* **What is needed**:
Starting with the line that contains "Kids Jack Wolfskin", copy every line through the end of the listing, exactly and only those. No pictures should appear in the copy.

* **Supplied information**:
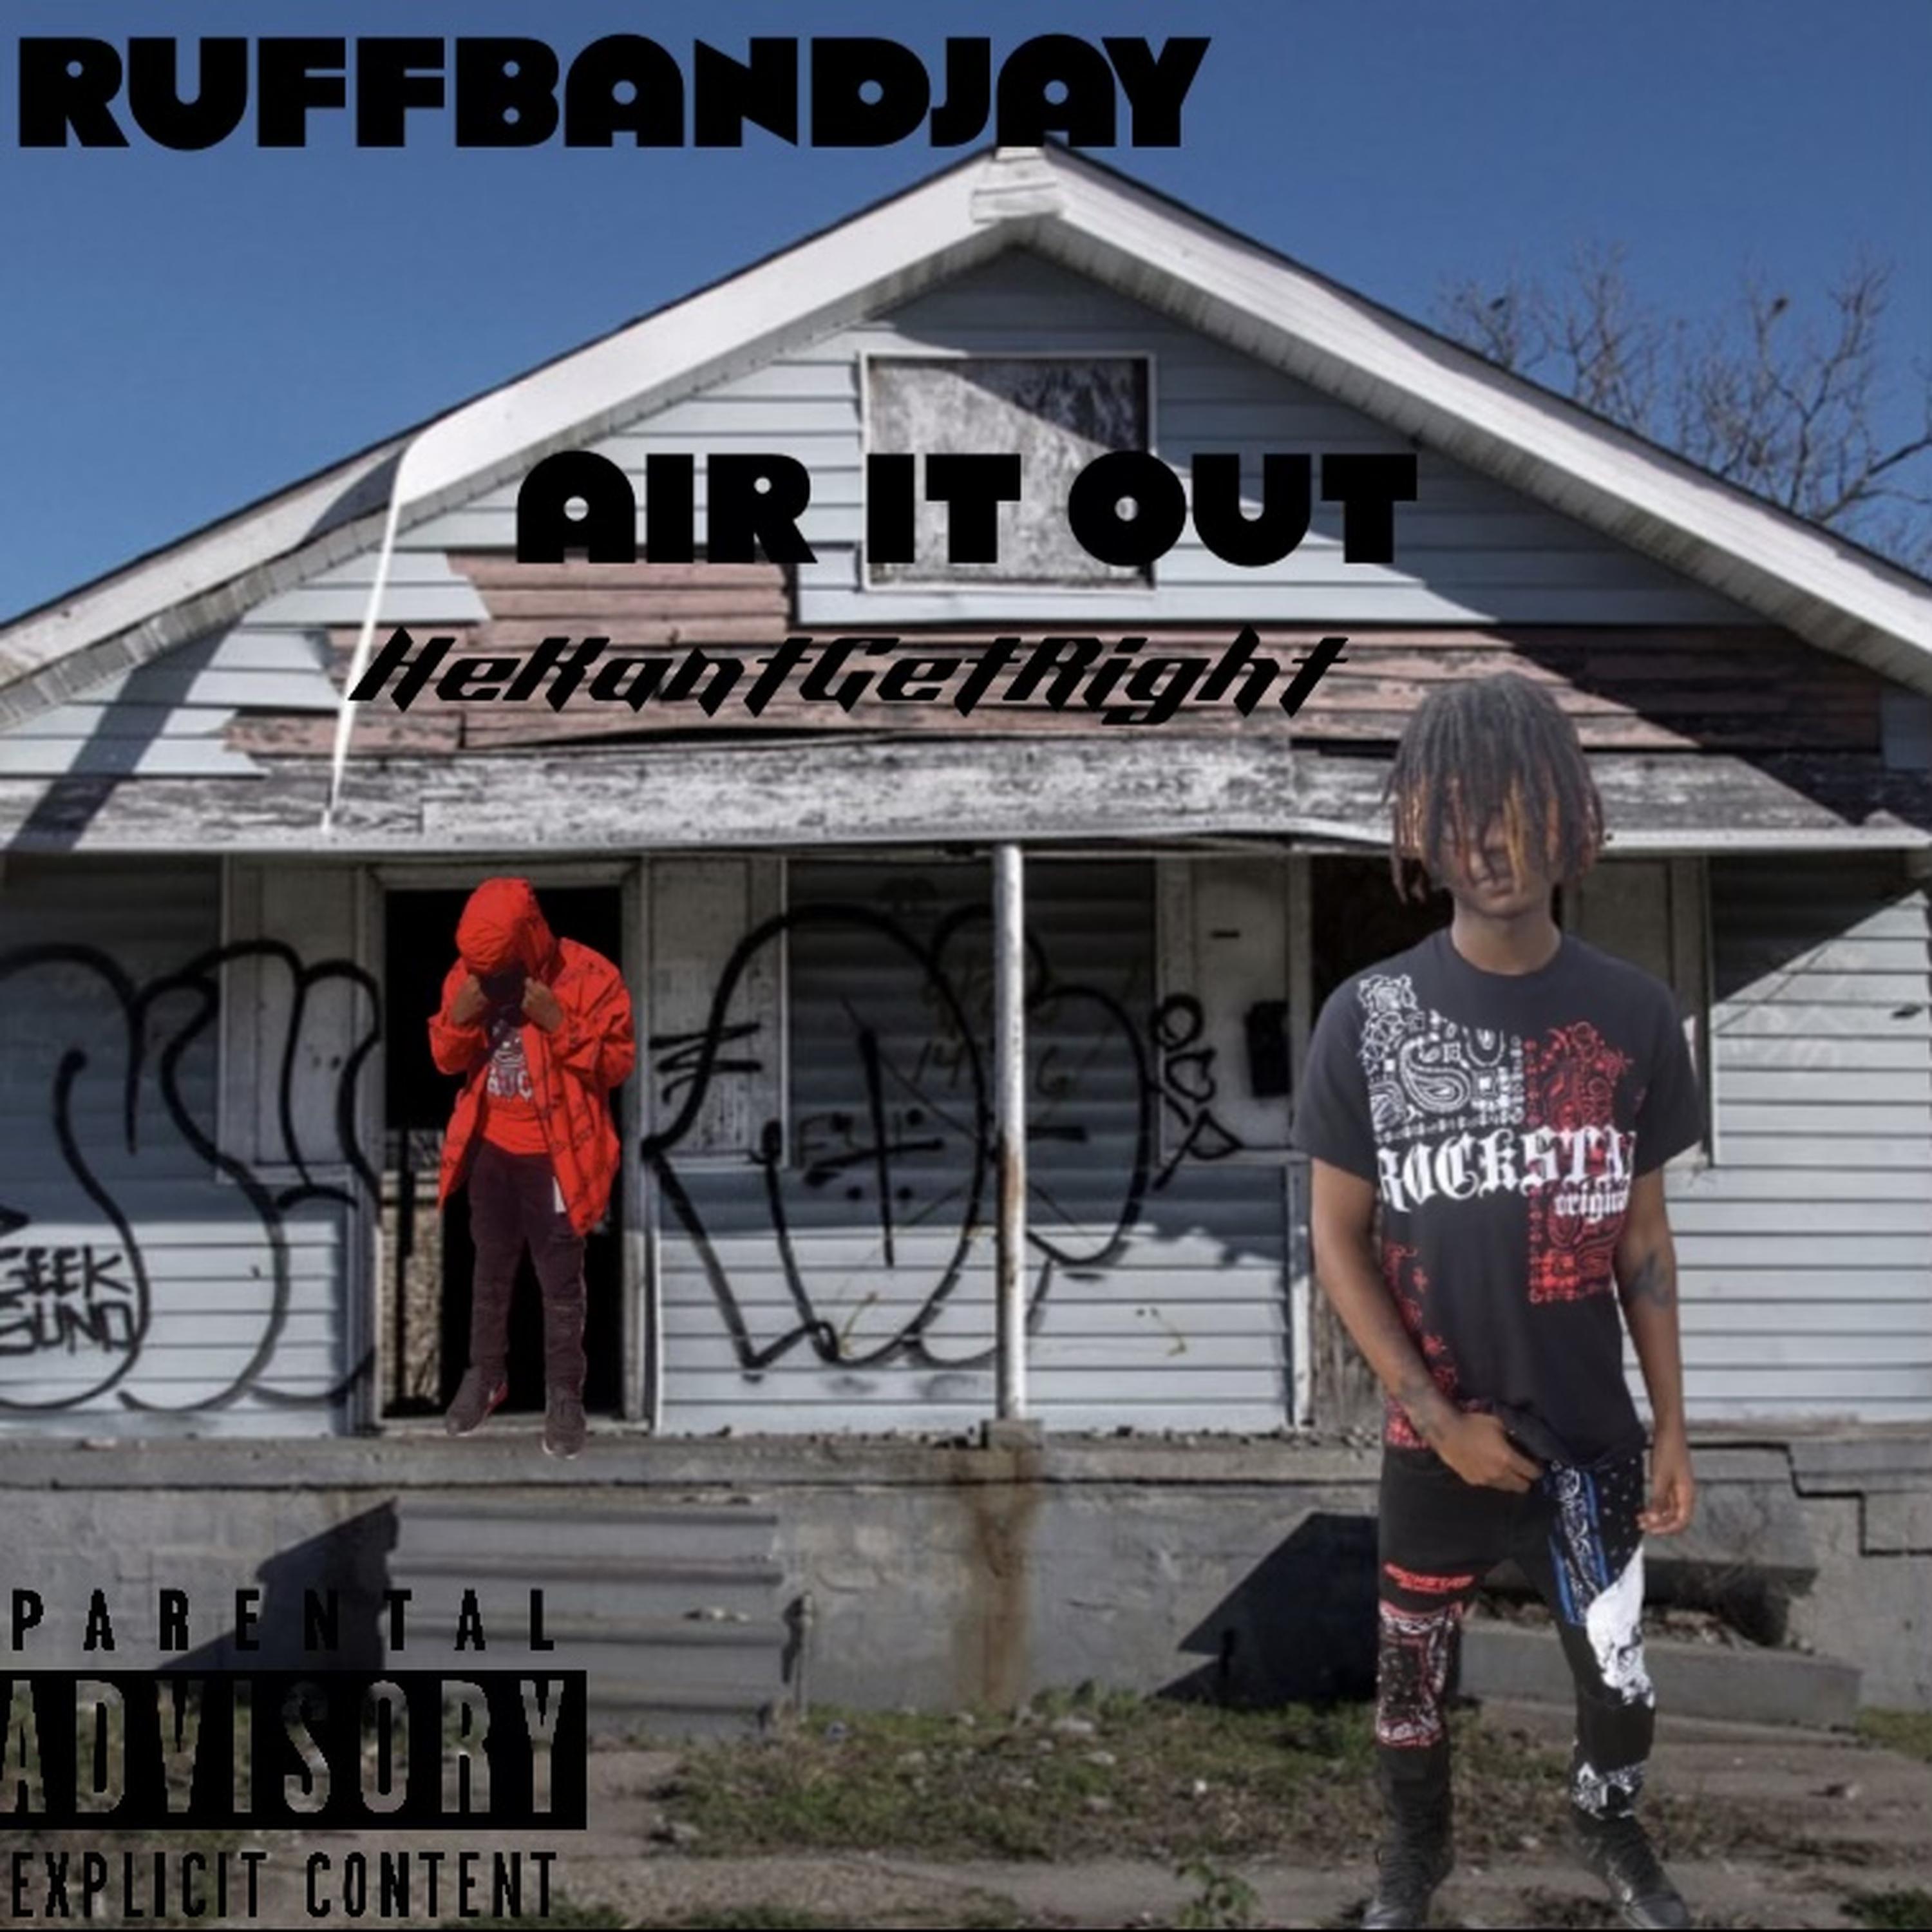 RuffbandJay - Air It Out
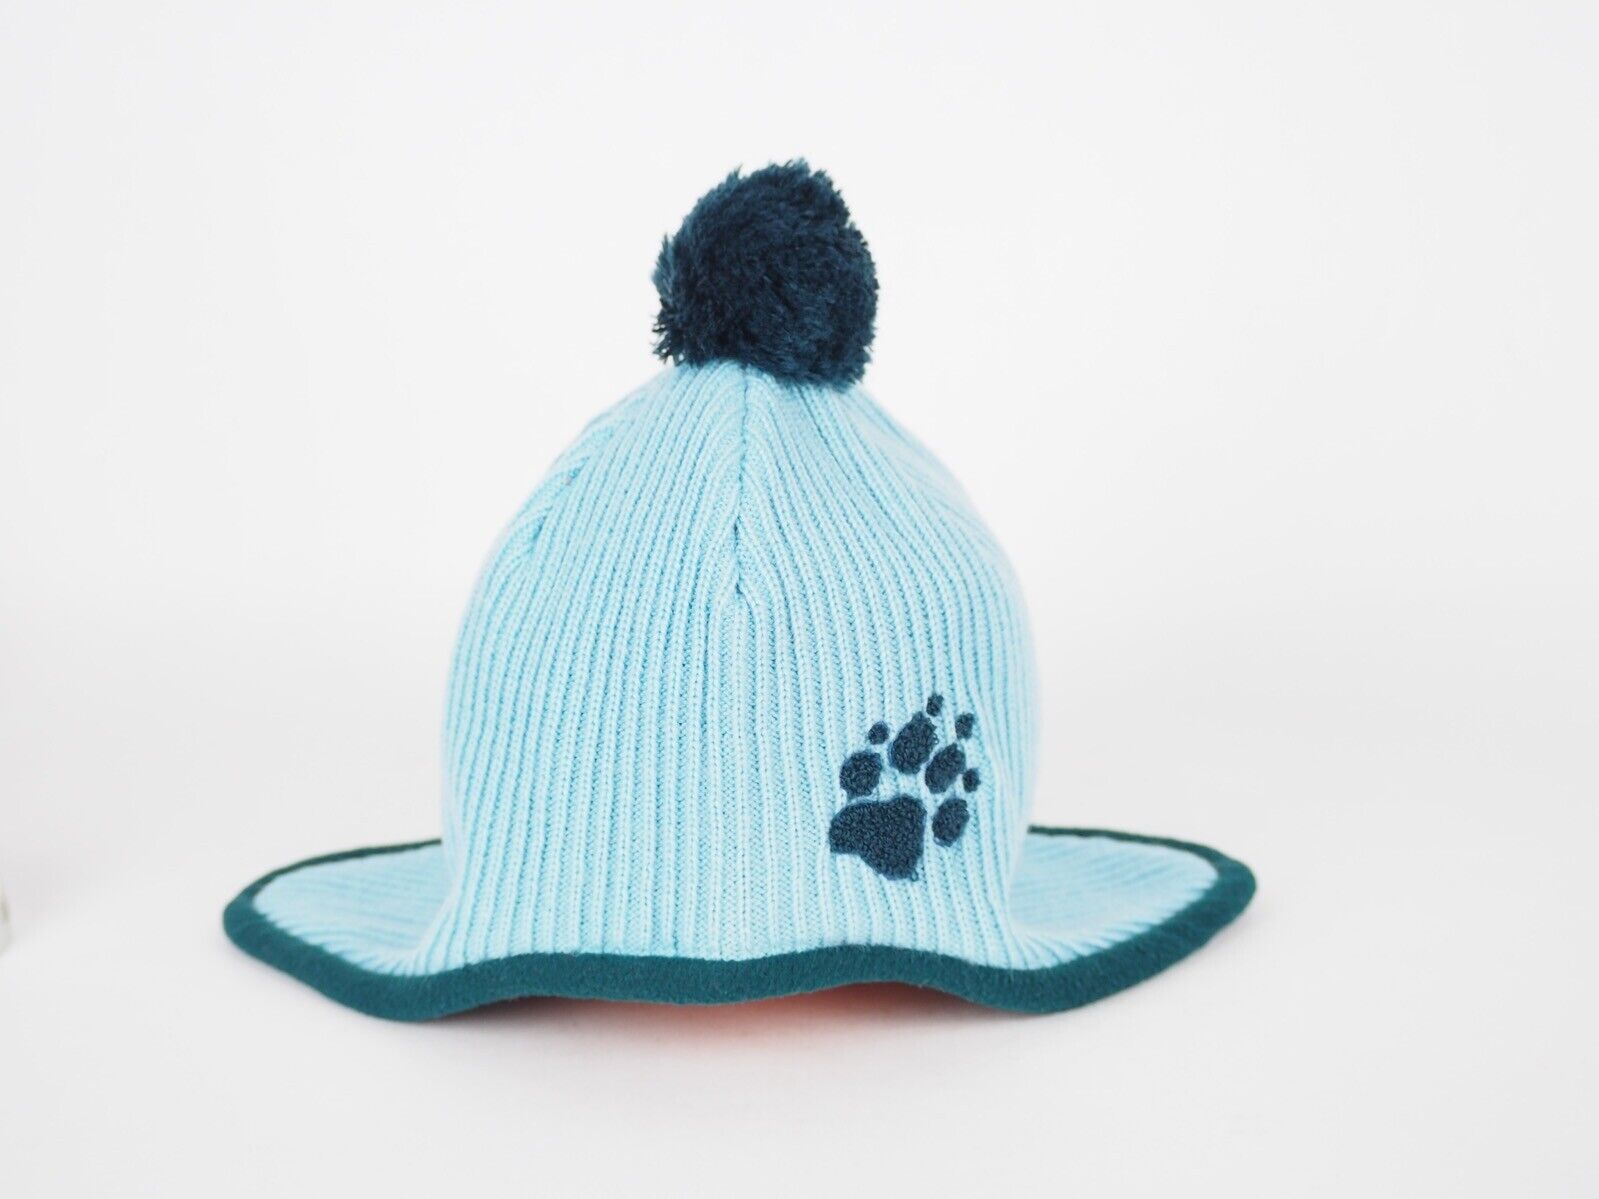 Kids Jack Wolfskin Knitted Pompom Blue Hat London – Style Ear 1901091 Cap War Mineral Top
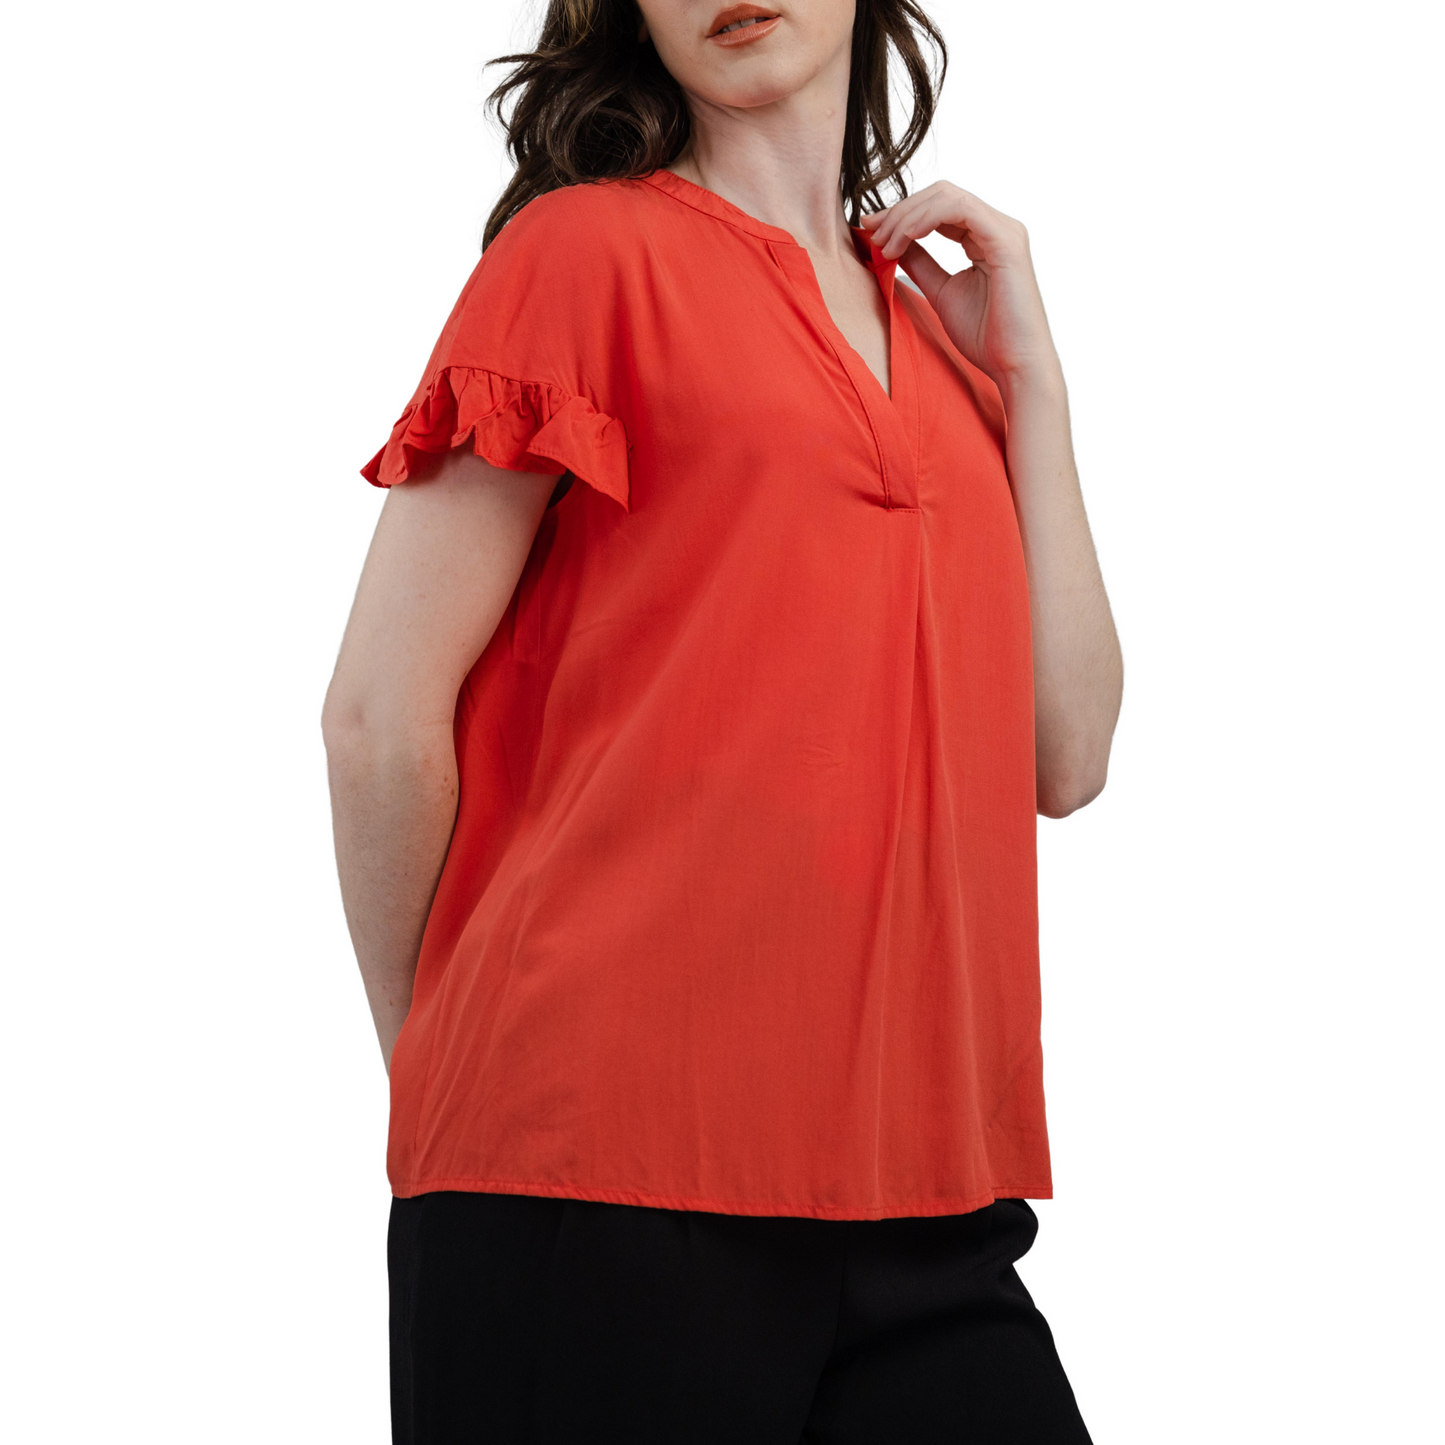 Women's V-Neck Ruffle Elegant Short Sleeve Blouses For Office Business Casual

* **Answer to the problem**:
 Kids Jack Wolfskin Knitted Pompom Blue Hat London – Style Ear 1901091 Cap War Mineral Top
 Women's V-Neck Ruffle Elegant Short Sleeve Blouses For Office Business Casual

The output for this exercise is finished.